### WHAT TO WORK ON
Output every line of the material exactly, omitting images.

### GIVEN INFORMATION
----

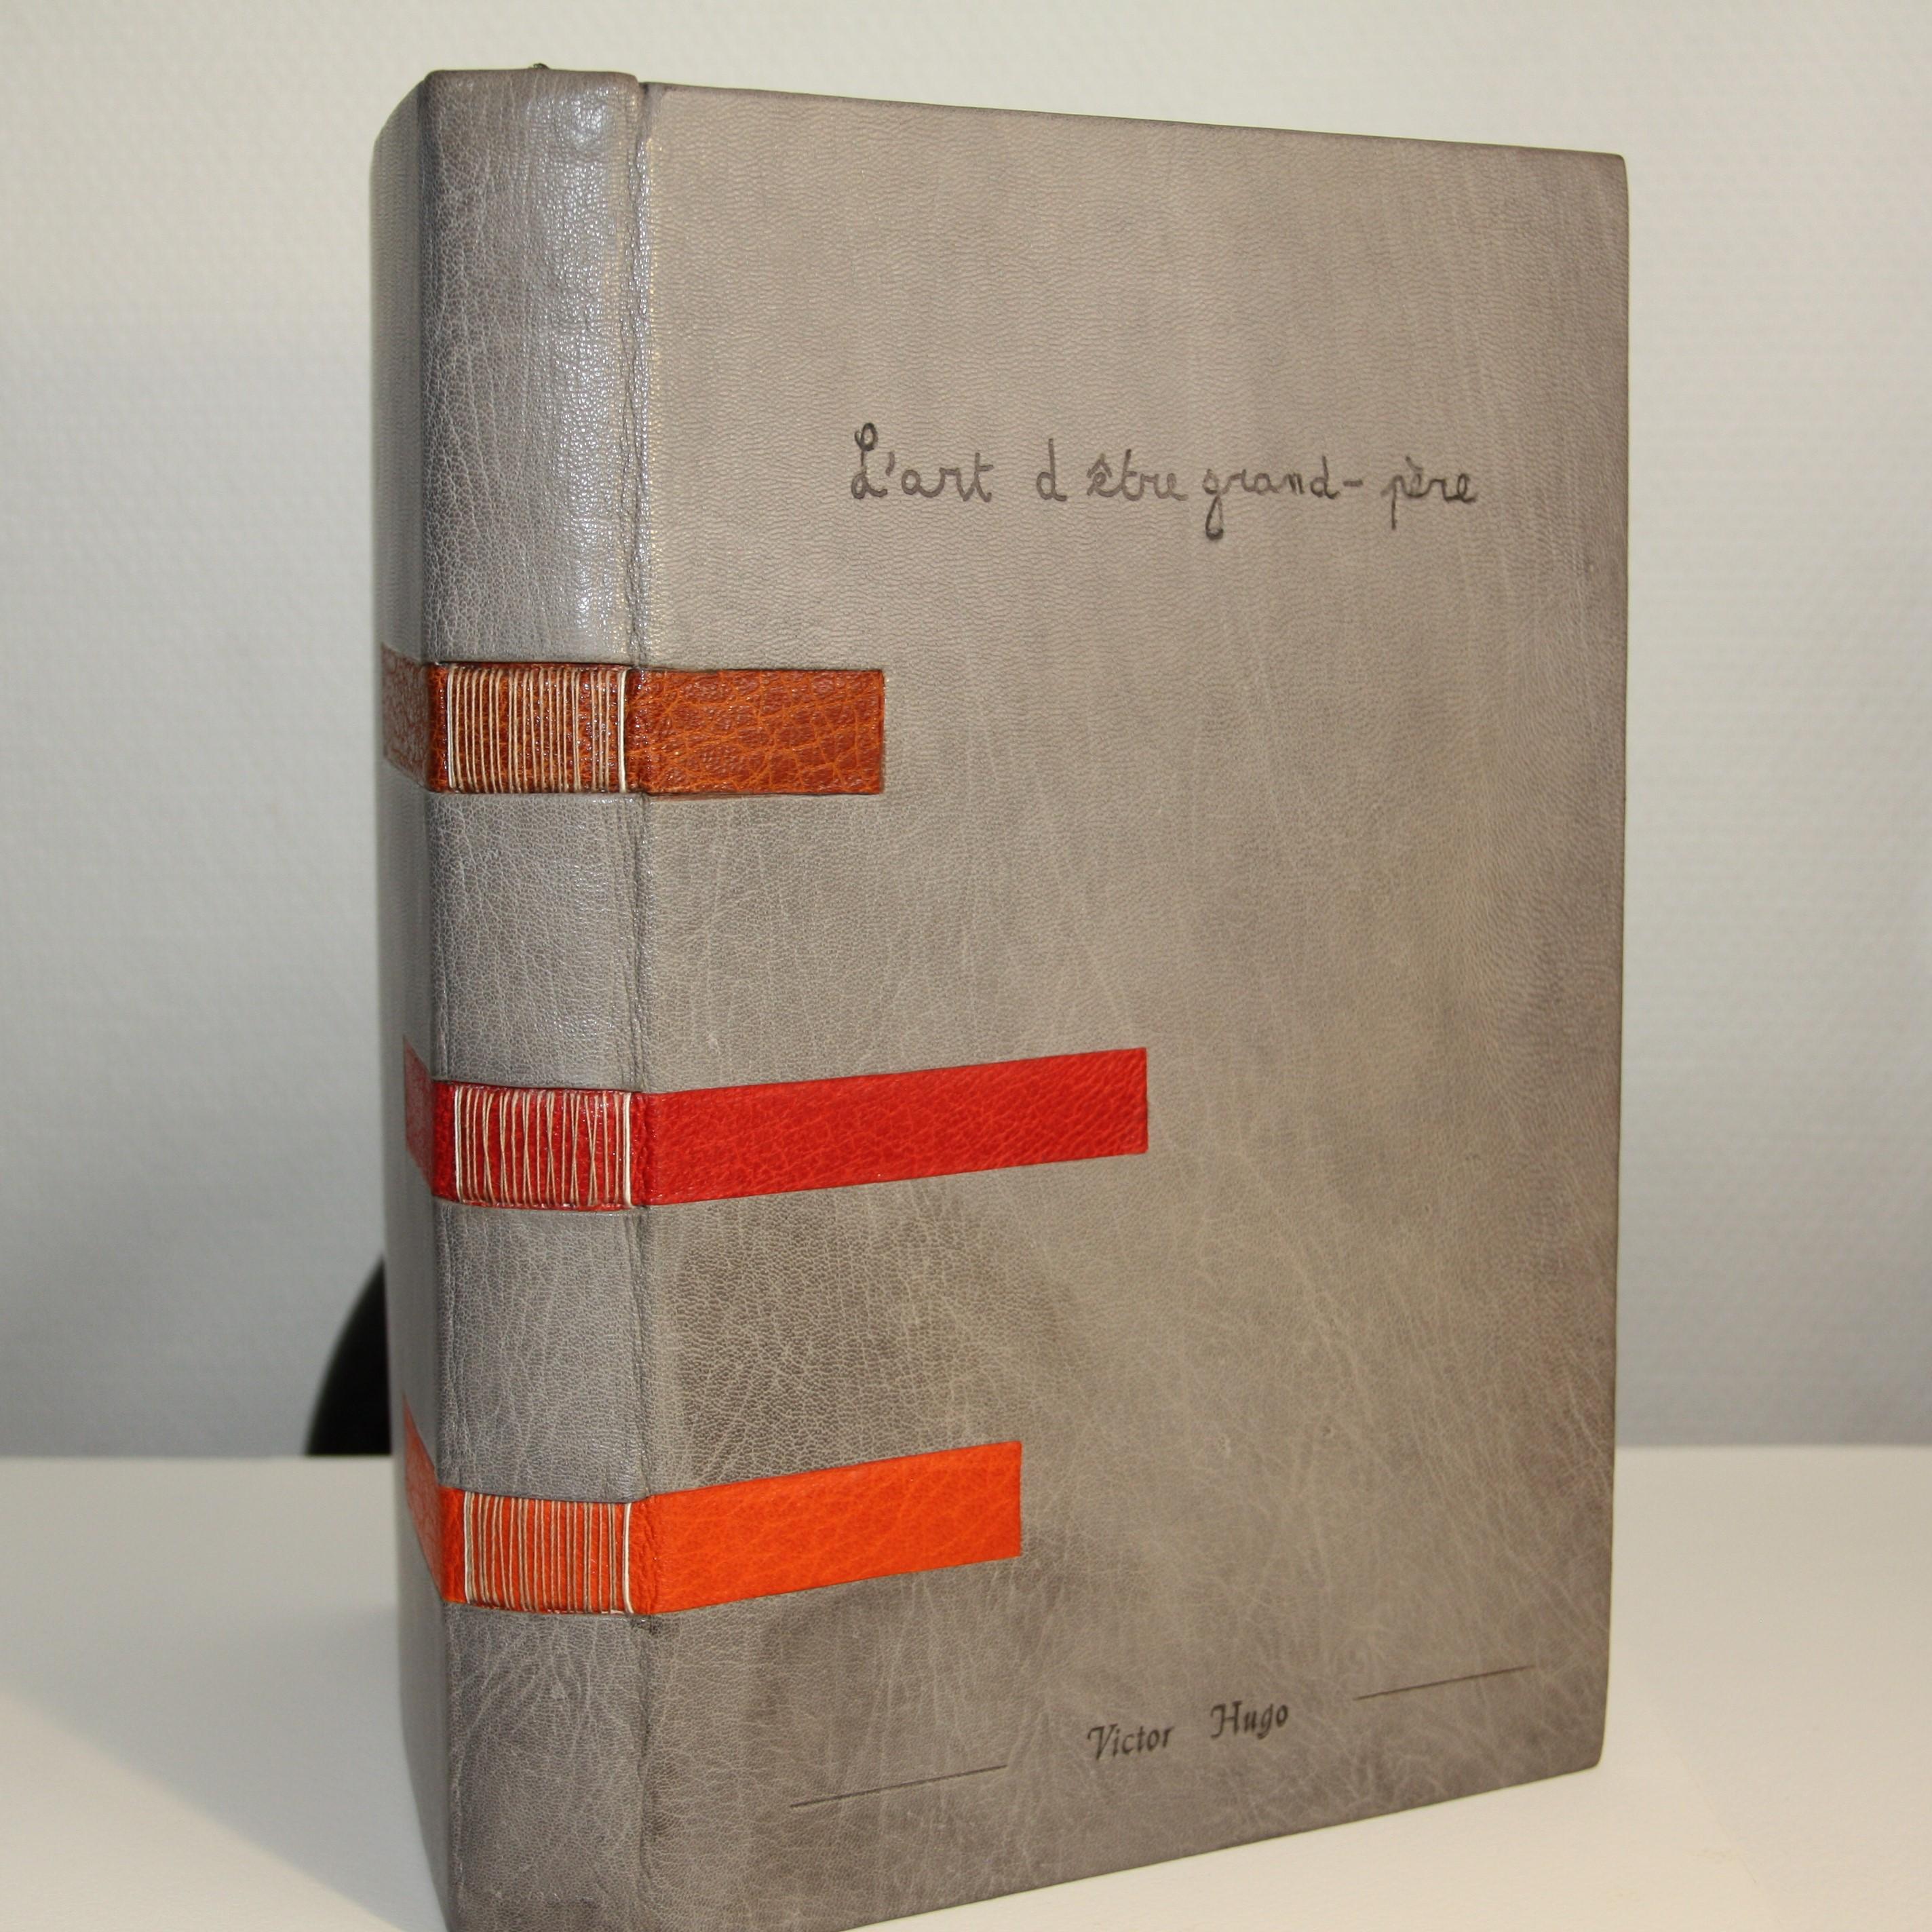 Victor Hugo - Art d'être Grand Père - Couverture
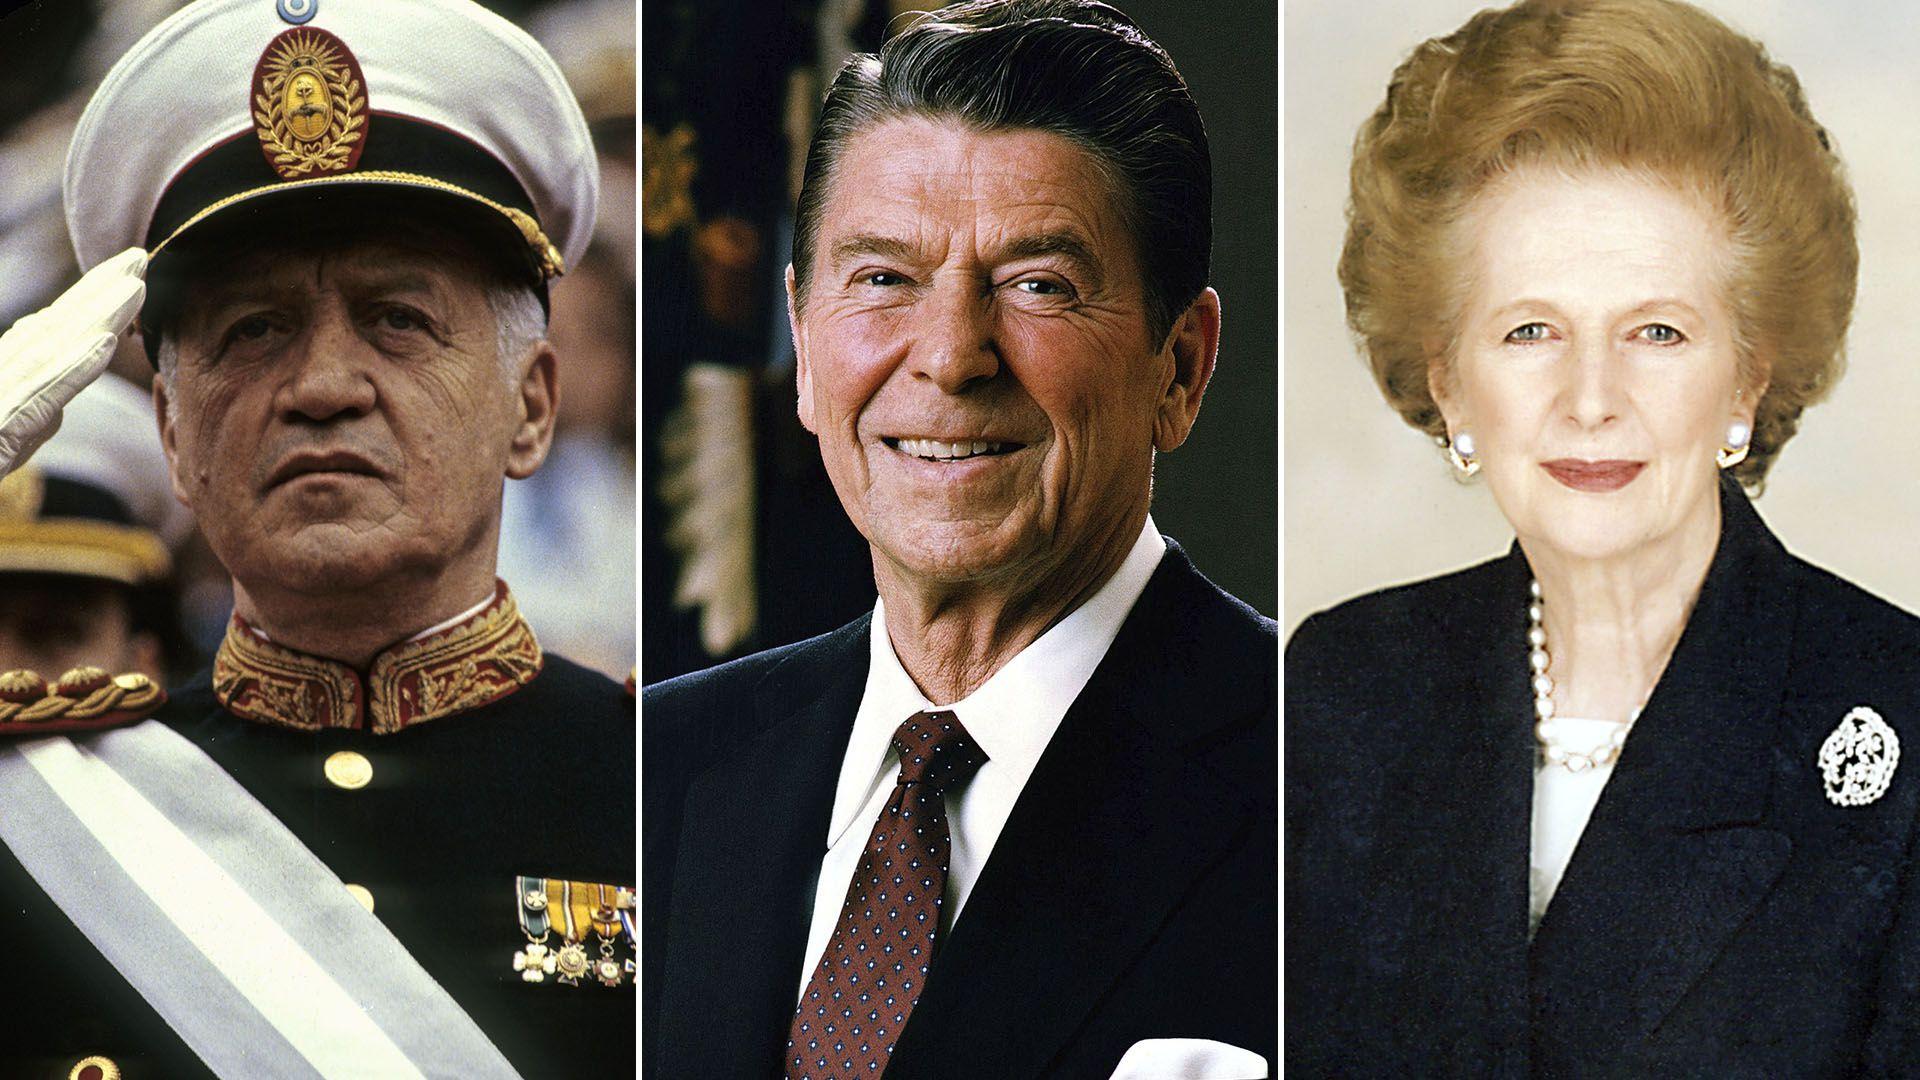 Reagan, entre Galtieri y Thatcher. Cuando estalló la guerra, norteamerica dejó la neutralidad y jugó al lado de su aliado en la OTAN
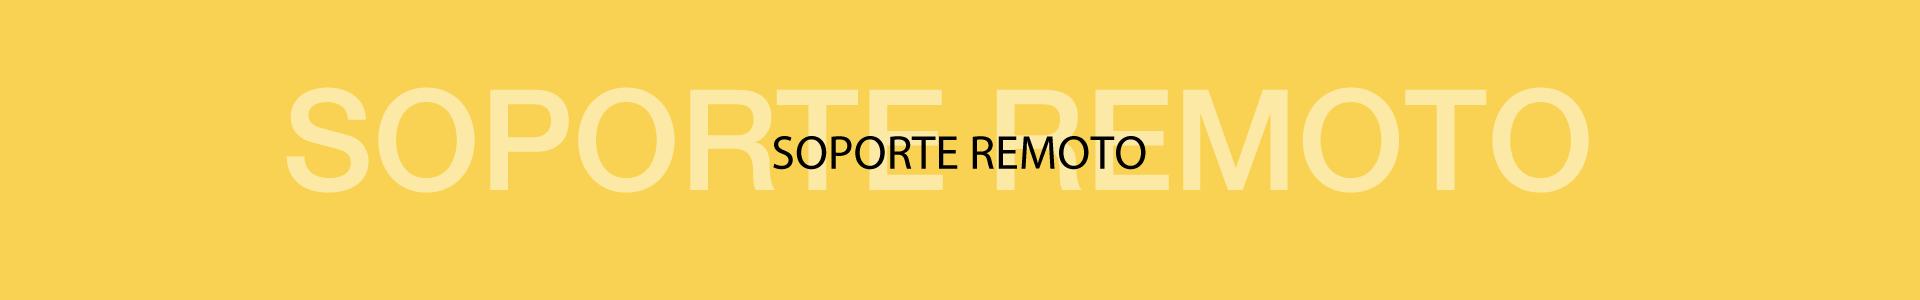 BFV Informática soporte remoto 1920x300
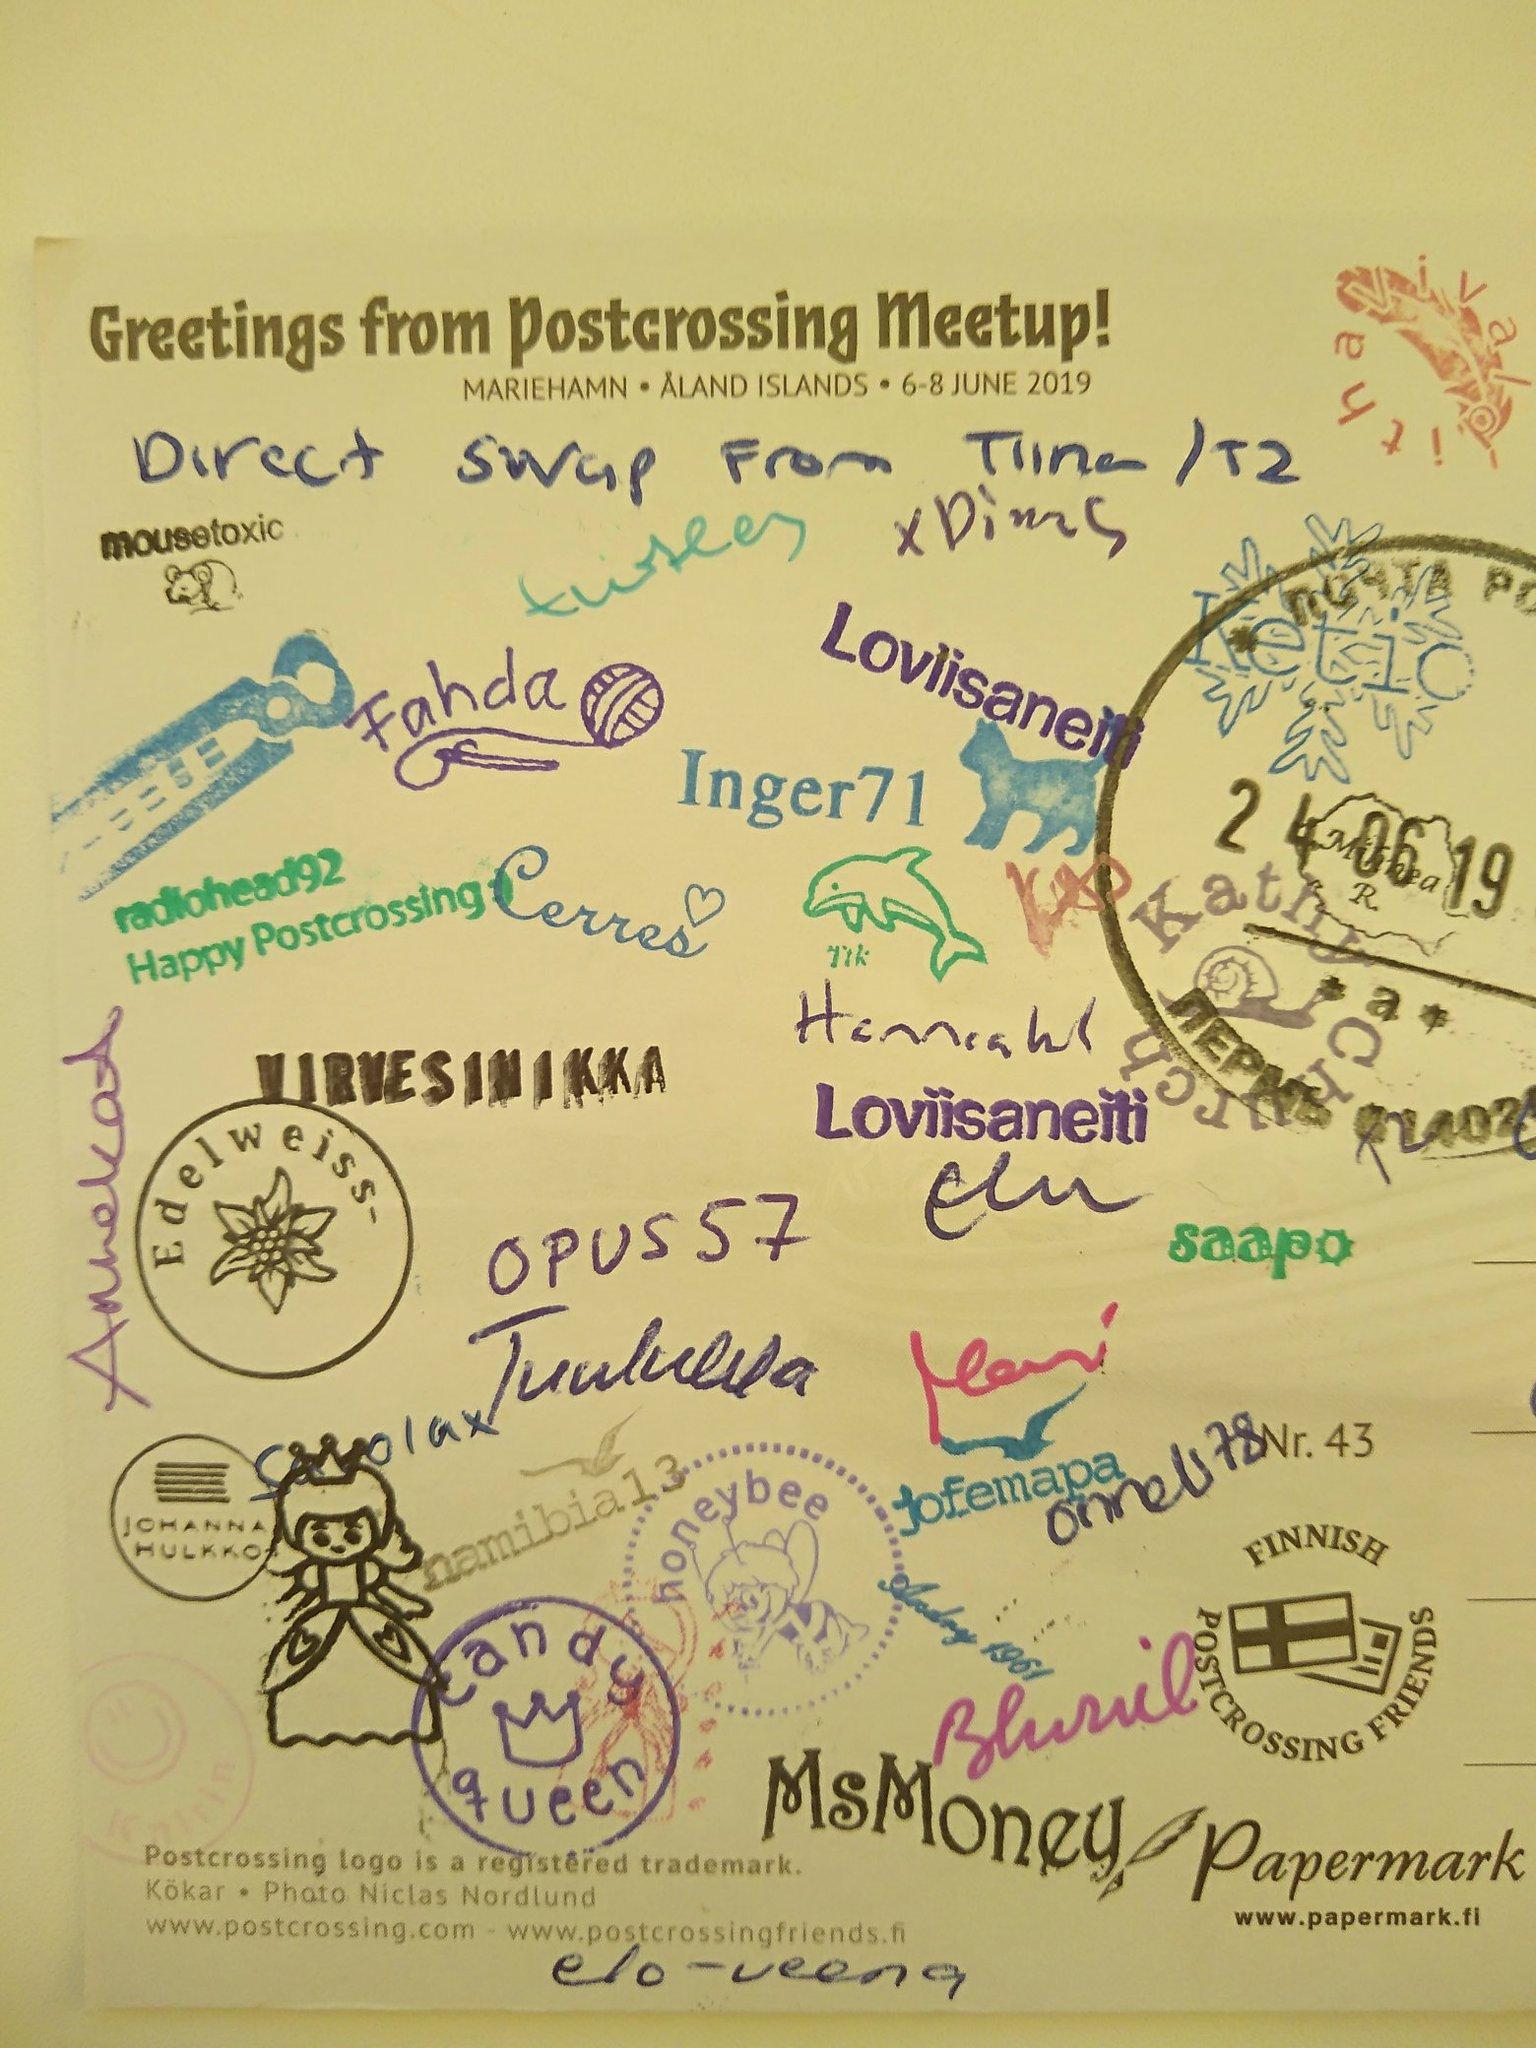 Как подписать открытки для посткроссинга

----

### TASK RESPONSE
 Victor Hugo - Art d'être Grand Père - Couverture
 Reagan, entre Galtieri y Thatcher. Cuando estalló la guerra, norteamerica dejó la neutralidad y jugó al lado de su aliado en la OTAN
 BFV Informática soporte remoto 1920x300
 Как подписать открытки для посткроссинга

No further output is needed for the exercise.